I came down with a cold on Friday, forcing me to cancel all my plans in favor of lying around coughing. I barely felt well enough to read (a dire situation!), so I was browsing around on my phone thinking about Halloween costume ideas when some line of free association got me thinking about historical expedition gear and Lovecraft [2]. This led to finding some very nice patches and pins commemorating the 1930-31 Miskatonic University expedition to Antarctica (sadly, all sold out).

And that reminded me that I’ve never read “At the Mountains of Madness” (which describes the doomed expedition to Antarctica), but it’s available through Feedbooks for the Stanza iPhone app, so there you go. [3] Then I read “The Call of Cthulhu”, and “The Dunwich Horror”, and a few others. I think I’d been putting off reading much Lovecraft because I was afraid of liking the beasties more than the style of writing, but everything I picked up over the weekend was a lot of fun.

One thing I kept noticing was what sorts of details were emphasized, and what was glossed over. There’s a lot of “oh, I dare not speak of it!” with respect to the monsters, but at the same time a certain amount of gleeful scientific curiosity, and artifacts are often described in terms of how they match no known artistic lineage or culture (apparently the protagonists are well-educated in this area). Our narrators tend to be complete nerds about something (geology, medicine, architecture…) and enthusiastic about sharing everything through that lens.

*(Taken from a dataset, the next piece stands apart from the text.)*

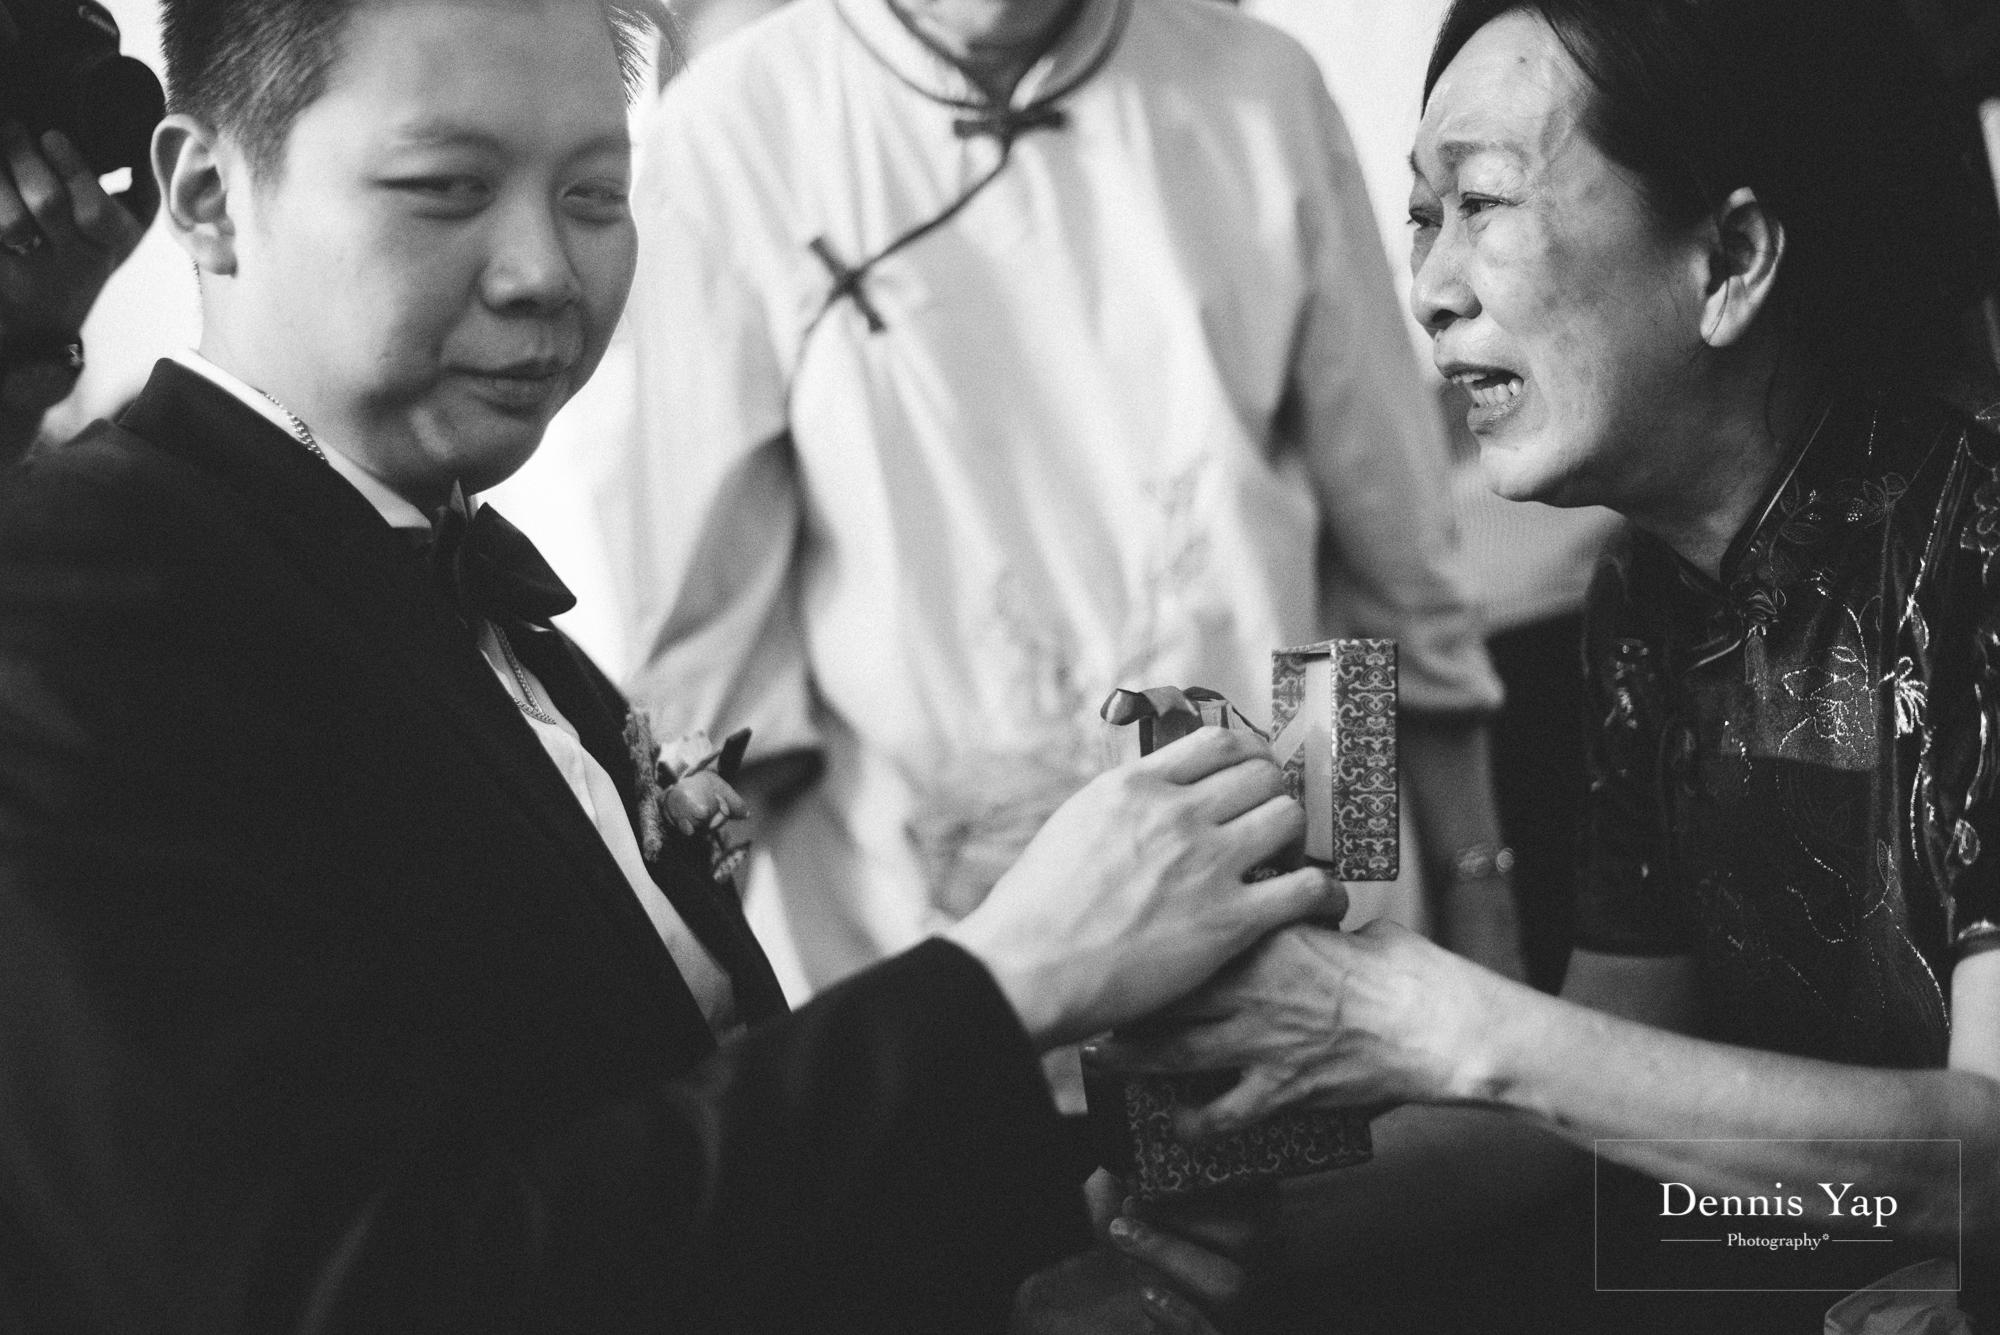 ino sheri black white church wedding st thomas more subang jaya dennis yap photography touching love beloved australia indonesia-13.jpg

Anyhow. All of this is a long way of explaining what’s going on with the image at the end of this post. [4] In “The Shadow Over Innsmouth”, we encounter a town full of people who’ve been mating with the Deep Ones, a race of fish-frog people who provide them with food and wealth in exchange for sharing in their Cthulhu-worship, and eventually, creating a town full of fish-frog-human mutants who will then take over the world. [5] The narrator is happy to dissect the town’s architecture, but apparently he really does not want to ponder how you go about making fish-frog-human people, so we look the other way.

I’m sure I’m not the only reader to consider how the biology of this would work, but I’m a little scared to Google it. So I drew my own version. I think this is hilarious [6] but YMMV.

What happened at Innsmouth

Maybe “Scenes Lovecraft Left Out” will be my next comic?

[1] Copies of both issues are still available, if you don’t have them yet. Buy them through the site or email me to pick up at an event.

[2] Alas, I don’t remember how I got these two topics combined. I was thinking about Dürer, and demon ladies, and …?

[3] Another case for ebook readers on the phone: sick days. If I could just download hot tea to go with it, I’d be completely set.

[4] It’s like a shaggy dog story. A creepy, wet, slimy one.

[5] Or something.

[6] Ask Lucas, I was laughing so hard I had to get up and have a drink of water before I could finish the sketch. I do not actually expect anyone else to have the same reaction.